From: Etsuro Fujita <fujita(dot)etsuro(at)lab(dot)ntt(dot)co(dot)jp>
To: Amit Langote <Langote_Amit_f8(at)lab(dot)ntt(dot)co(dot)jp>
Cc: Alvaro Herrera <alvherre(at)alvh(dot)no-ip(dot)org>, Andres Freund <andres(at)anarazel(dot)de>, Pavan Deolasee <pavan(dot)deolasee(at)gmail(dot)com>, Pg Hackers <pgsql-hackers(at)postgresql(dot)org>, Peter Geoghegan <pg(at)bowt(dot)ie>
Subject: Re: ON CONFLICT DO UPDATE for partitioned tables
Date: 2018-03-20 11:53:23
Message-ID: 5AB0F633.2030007@lab.ntt.co.jp
Views: Raw Message | Whole Thread | Download mbox | Resend email
Thread:
Lists: pgsql-hackers

(2018/03/20 13:30), Amit Langote wrote:
> On 2018/03/19 21:59, Etsuro Fujita wrote:
>> (2018/03/18 13:17), Alvaro Herrera wrote:
>>> Alvaro Herrera wrote:
>>> The only thing that I remain unhappy about this patch is the whole
>>> adjust_and_expand_partition_tlist() thing. I fear we may be doing
>>> redundant and/or misplaced work. I'll look into it next week.
>>
>> I'm still reviewing the patches, but I really agree on that point. As
>> Pavan mentioned upthread, the onConflictSet tlist for the root parent,
>> from which we create a translated onConflictSet tlist for a partition,
>> would have already been processed by expand_targetlist() to contain all
>> missing columns as well, so I think we could create the tlist for the
>> partition by simply re-ordering the expression-converted tlist (ie,
>> conv_setproj) based on the conversion map for the partition. The Attached
>> defines a function for that, which could be called, instead of calling
>> adjust_and_expand_partition_tlist(). This would allow us to get rid of
>> planner changes from the patches. Maybe I'm missing something, though.
>
> Thanks for the patch. I can confirm your proposed
> adjust_onconflictset_tlist() is enough to replace adjust_inherited_tlist()
> + expand_targetlist() combination (aka
> adjust_and_expand_partition_tlist()), thus rendering the planner changes
> in this patch unnecessary. I tested it with a partition tree involving
> partitions of varying attribute numbers (dropped columns included) and it
> seems to work as expected (as also exercised in regression tests) as shown
> below.

Thanks for testing!

> I have incorporated your patch in the main patch after updating the
> comments a bit.
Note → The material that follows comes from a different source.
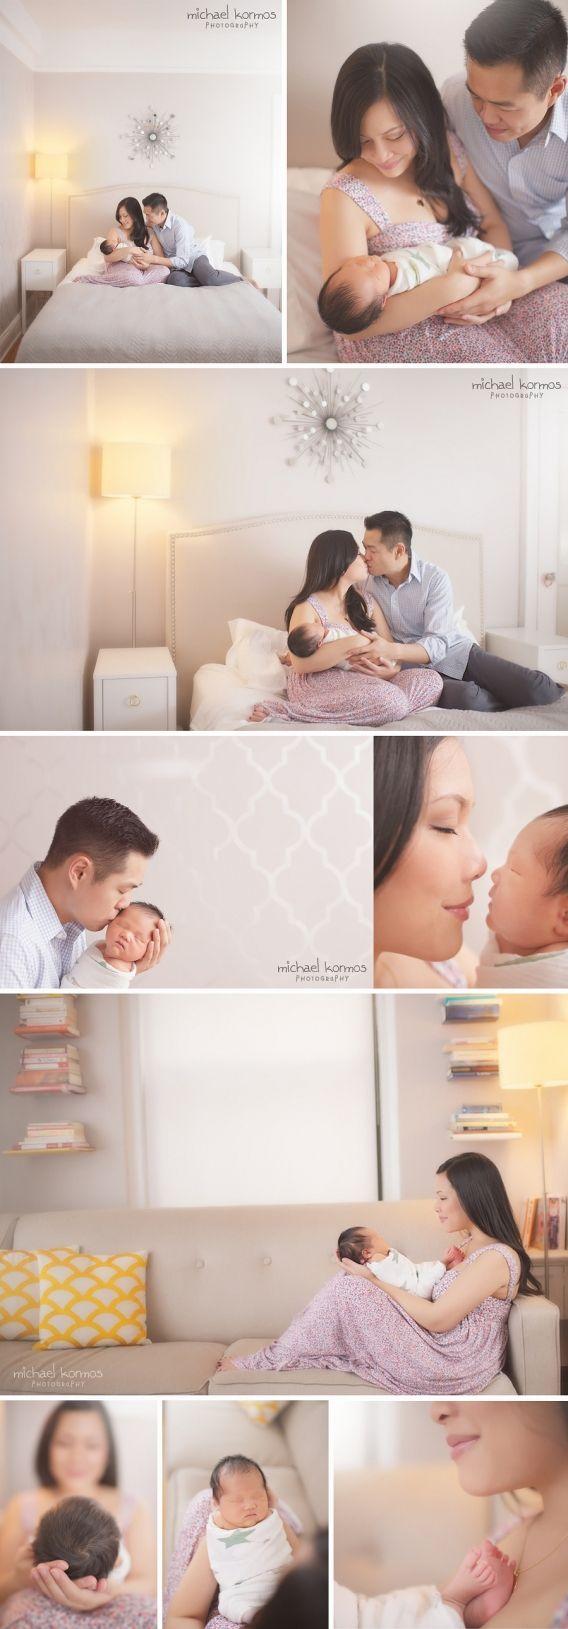 Family & newborn photography by Michael Kormos

Also, now that 6666ee49f49 is in [1], the transition
> table related tests I proposed yesterday pass nicely. Instead of posting
> as a separate patch, I have merged it with the main patch. So now that
> planner refactoring is unnecessary, attached is just one patch.

Here are comments on executor changes in (the latest version of) the patch:

@@ -421,8 +424,18 @@ ExecInsert(ModifyTableState *mtstate,
ItemPointerData conflictTid;
bool specConflict;
List *arbiterIndexes;
+ PartitionTupleRouting *proute =
+ mtstate->mt_partition_tuple_routing;

- arbiterIndexes = node->arbiterIndexes;
+ /* Use the appropriate list of arbiter indexes. */
+ if (mtstate->mt_partition_tuple_routing != NULL)
+ {
+ Assert(partition_index >= 0 && proute != NULL);
+ arbiterIndexes =
+ proute->partition_arbiter_indexes[partition_index];
+ }
+ else
+ arbiterIndexes = node->arbiterIndexes;

To handle both cases the same way, I wonder if it would be better to
have the arbiterindexes list in ResultRelInfo as well, as mentioned by
Alvaro upthread, or to re-add mt_arbiterindexes as before and set it to
proute->partition_arbiter_indexes[partition_index] before we get here,
maybe in ExecPrepareTupleRouting, in the case of tuple routing.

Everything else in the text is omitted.